Ntvnews.id, Berlin - Mert Sayim kerap terlihat di bandara-bandara di negara bagian Nordrhein-Westfalen (NRW), Jerman, khususnya di ibu kota Düsseldorf. Dari wilayah itu saja, pada 2024 lebih dari 2.800 warga asing telah dideportasi lewat jalur udara. Mereka umumnya adalah pengungsi dengan permohonan suaka yang ditolak atau yang tidak memiliki prospek untuk menetap.
Dilansir dari DW, Senin, 8 September 2025
Sejak 2022, jumlah deportasi meningkat dari sekitar 13.000 menjadi lebih dari 20.000 per tahun. Pada paruh pertama 2025 saja, Kementerian Dalam Negeri Jerman melaporkan sudah ada 12.000 orang yang dipulangkan.
Sayim meyakini pekerjaannya akan semakin padat karena masih banyak pengungsi yang harus meninggalkan Jerman setelah melalui proses hukum. Semua peristiwa itu rutin ia dokumentasikan dan publikasikan.
Dalam laporan tahunan lembaga pengawas deportasi, Sayim menyoroti kasus sensitif: "Kami mengamati antara lain deportasi seorang anak setelah menjalani operasi jantung baru-baru ini. Itu pun tanpa pemeriksaan lanjutan yang secara medis wajib dilakukan—padahal jadwal pemeriksaan sudah ditentukan."
Baca Juga: Jerman Buka Kualifikasi Piala Dunia 2026 dengan Takluk dari Slovakia
Laporan itu juga menegaskan rekomendasi umum: "Dalam deportasi orang sakit, harus diperiksa secara individual apakah orang tersebut benar-benar memiliki akses terhadap layanan medis yang diperlukan di negara tujuan.
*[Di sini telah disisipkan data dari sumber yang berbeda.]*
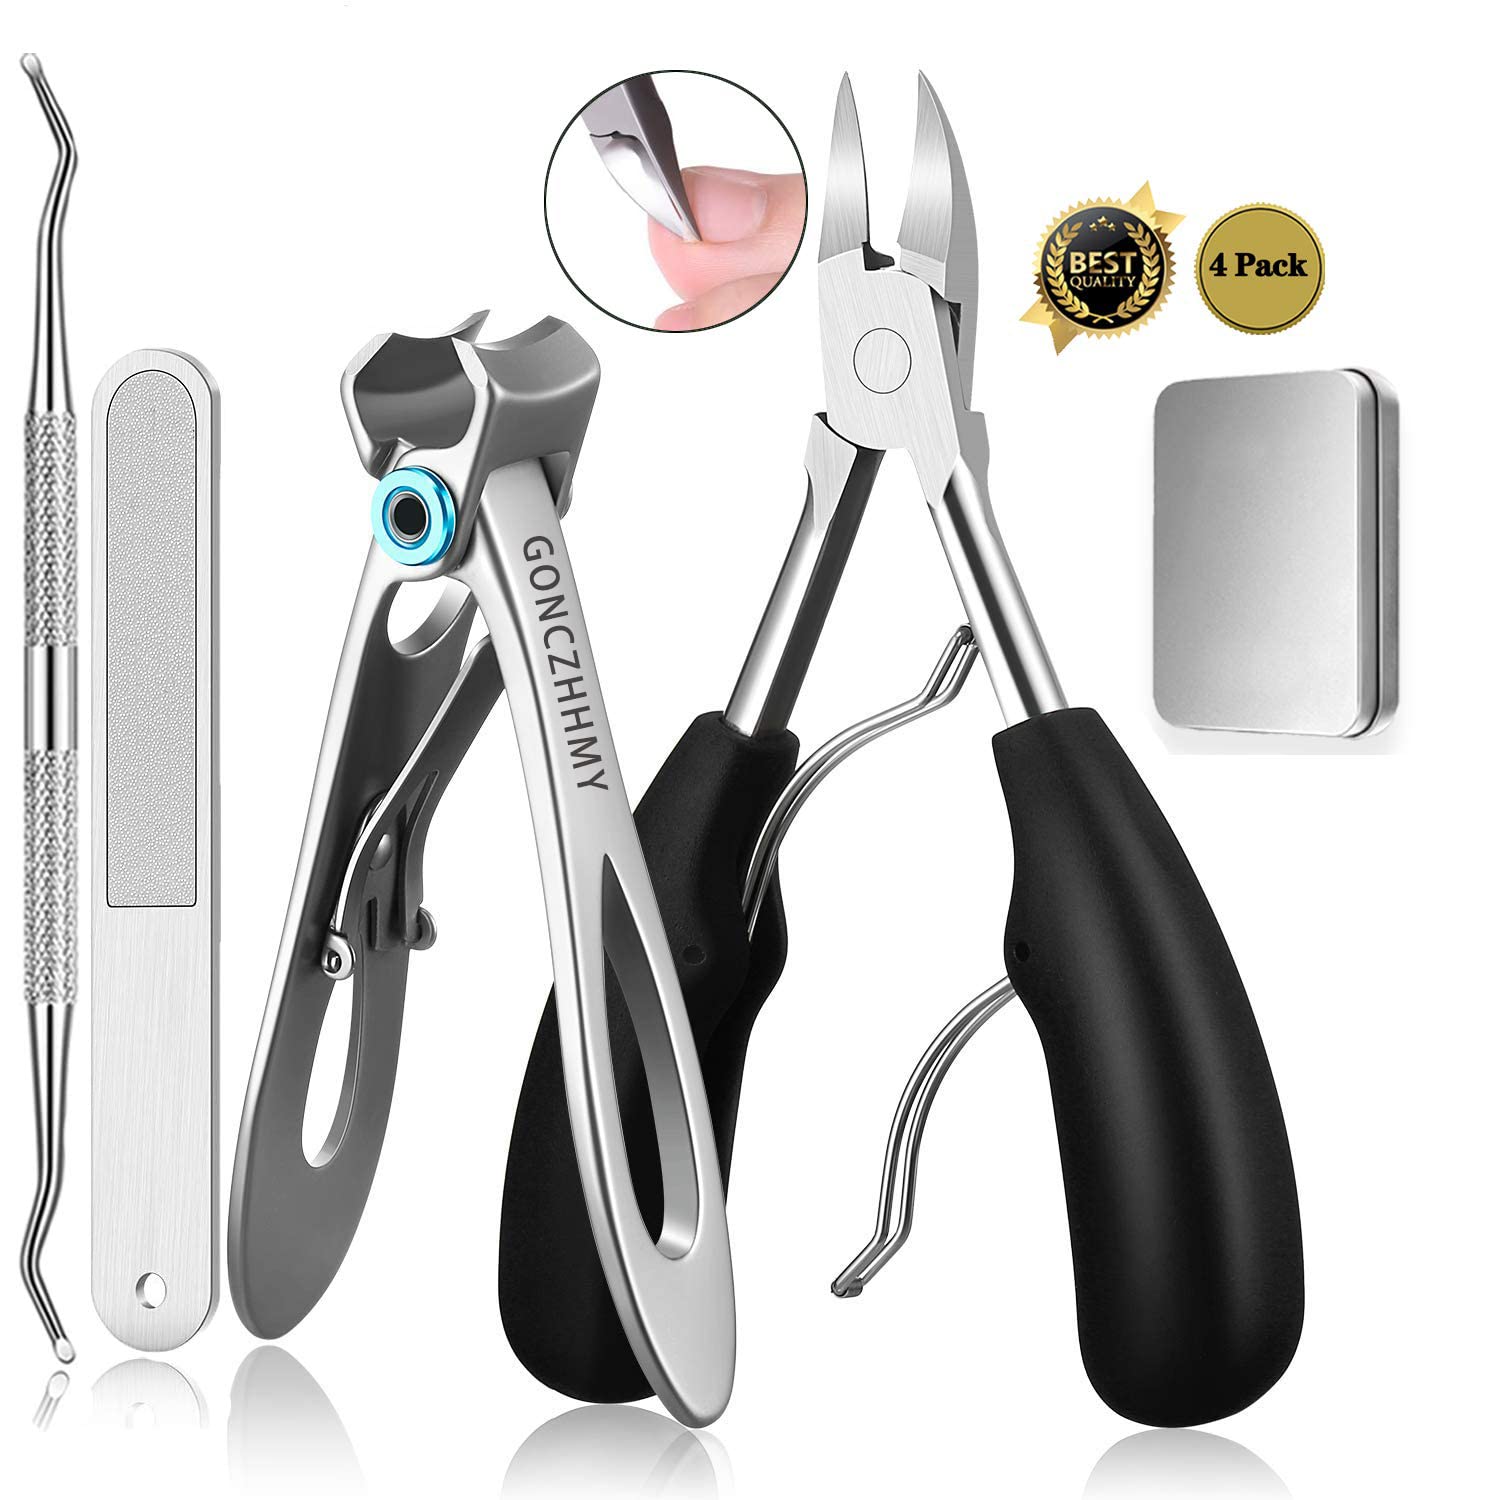 Toe Nail Clippers for Thick Nails Large Toenail Clippers for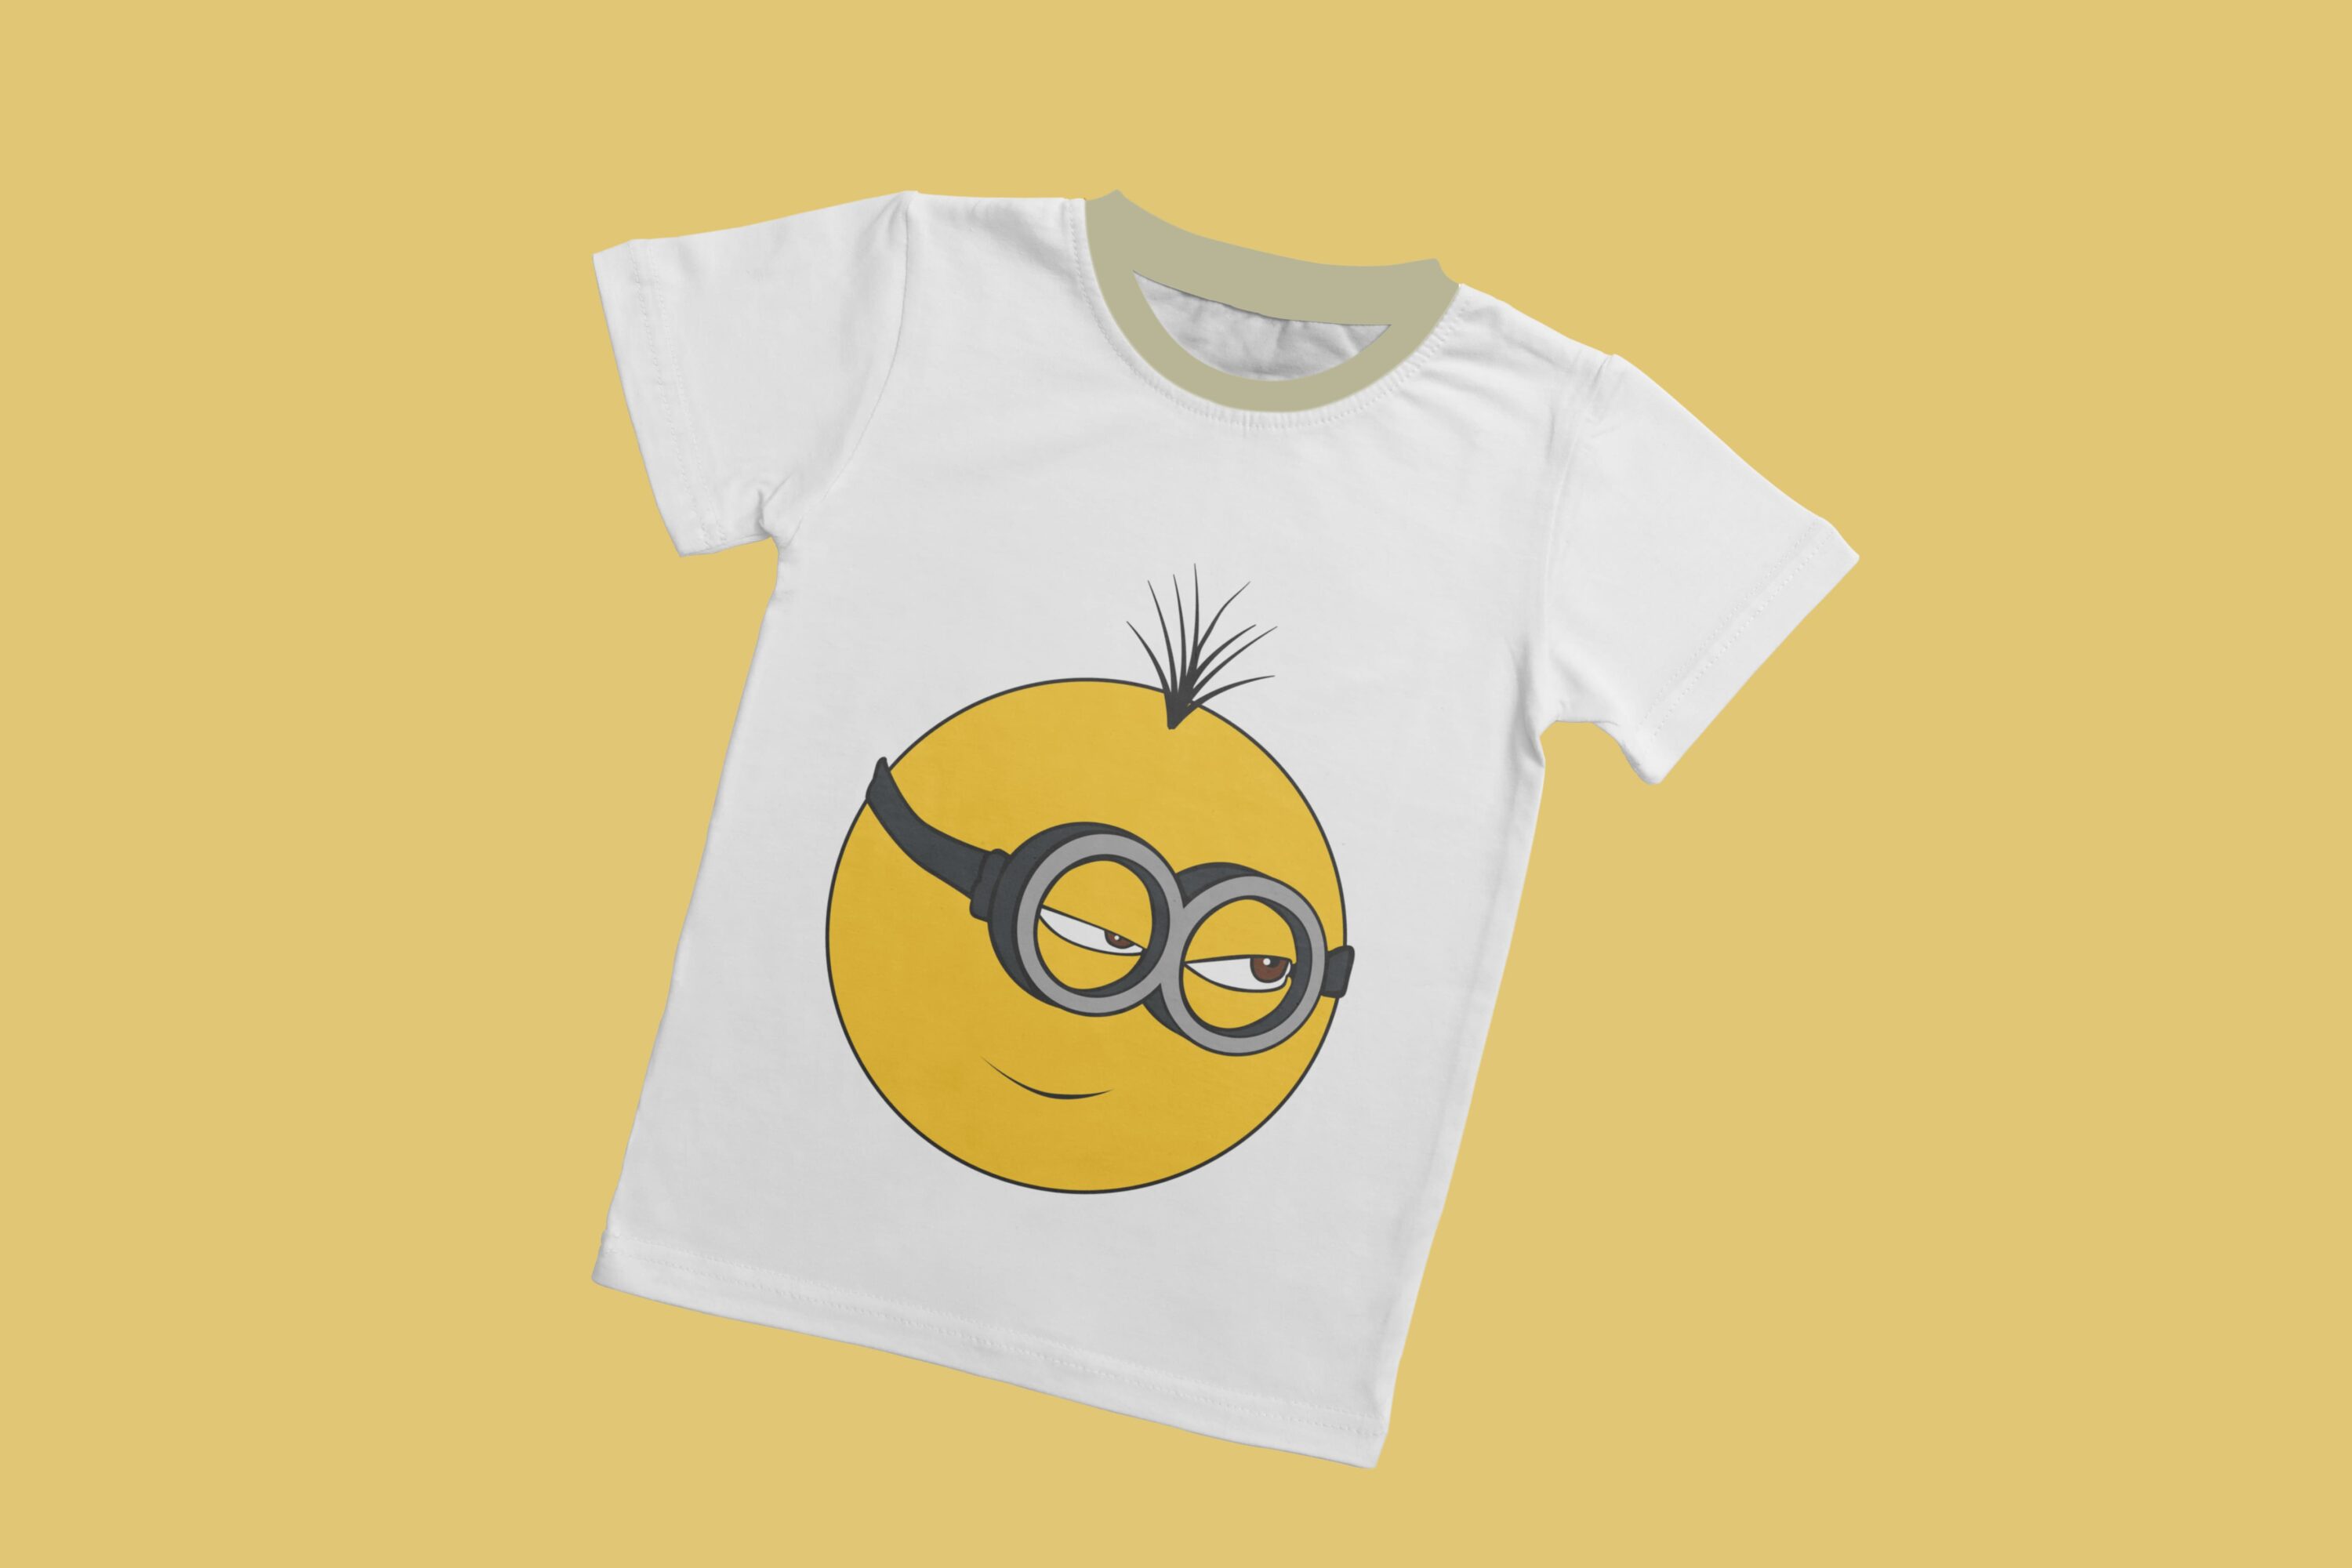 White T-shirt with a mint collar and a face of a grinning minion.

Perlu dipertimbangkan apakah pengobatan tersebut dapat diakses, terjangkau, dan tersedia." Jika terdapat risiko kesehatan serius, deportasi seharusnya ditangguhkan.
Meski begitu, penangguhan jarang dilakukan. Biasanya, hal itu terjadi bila ada alasan teknis, seperti pilot menolak terbang karena calon deportan bertindak agresif. Komisaris Utama Kepolisian Federal di Sankt Augustin, Andrea Hoffmeister, menegaskan: "Deportasi bukan harga mati." Ia menambahkan, semua petugas sudah mendapatkan pelatihan, bahkan ada ruang khusus bagi keluarga dan anak di bandara.
Sayim menilai pemantauan saat ini masih terlalu terbatas. "Pemantauan deportasi harus diperluas dan diperkuat secara struktural," ujarnya. Menurutnya, pengawasan harus mencakup keseluruhan proses, mulai dari penjemputan di tempat tinggal hingga perjalanan di pesawat. Hal ini, katanya, sudah diatur dalam pedoman Uni Eropa (UE) sejak 2008, namun belum diterapkan Jerman.
Baca Juga: Buntut Ingin Caplok Gaza, Jerman Lakukan Hal yang Buat Israel Ketar-ketir
Alih-alih memperluas pengawasan, Jerman justru mendorong kebijakan deportasi yang lebih keras. Menteri Dalam Negeri Alexander Dobrindt (CSU) pada Juli lalu mengundang perwakilan Austria, Denmark, Prancis, Ceko, dan Polandia untuk menyelaraskan langkah. "Pemulangan yang efektif adalah syarat mutlak untuk kepercayaan terhadap kebijakan migrasi Eropa yang seimbang," demikian pernyataan bersama mereka.
Pastor Rafael Nikodemus dari Diakonie Rheinland Westfalen Lippe mengingatkan pentingnya keterbukaan: "Transparansi di bidang yang tertutup ini bermanfaat bagi semua institusi yang terlibat dalam proses deportasi. Yang penting adalah pandangan bersama antara lembaga negara dan non-negara tentang apa yang layak secara kemanusiaan."
Ketegangan politik soal migrasi juga berimbas pada meningkatnya jumlah pengungsi yang mencari perlindungan di gereja. Pada 2024, tercatat 329 kasus baru permohonan suaka gereja di NRW. "Jumlahnya lebih banyak dibanding tahun-tahun sebelumnya," kata Nikodemus.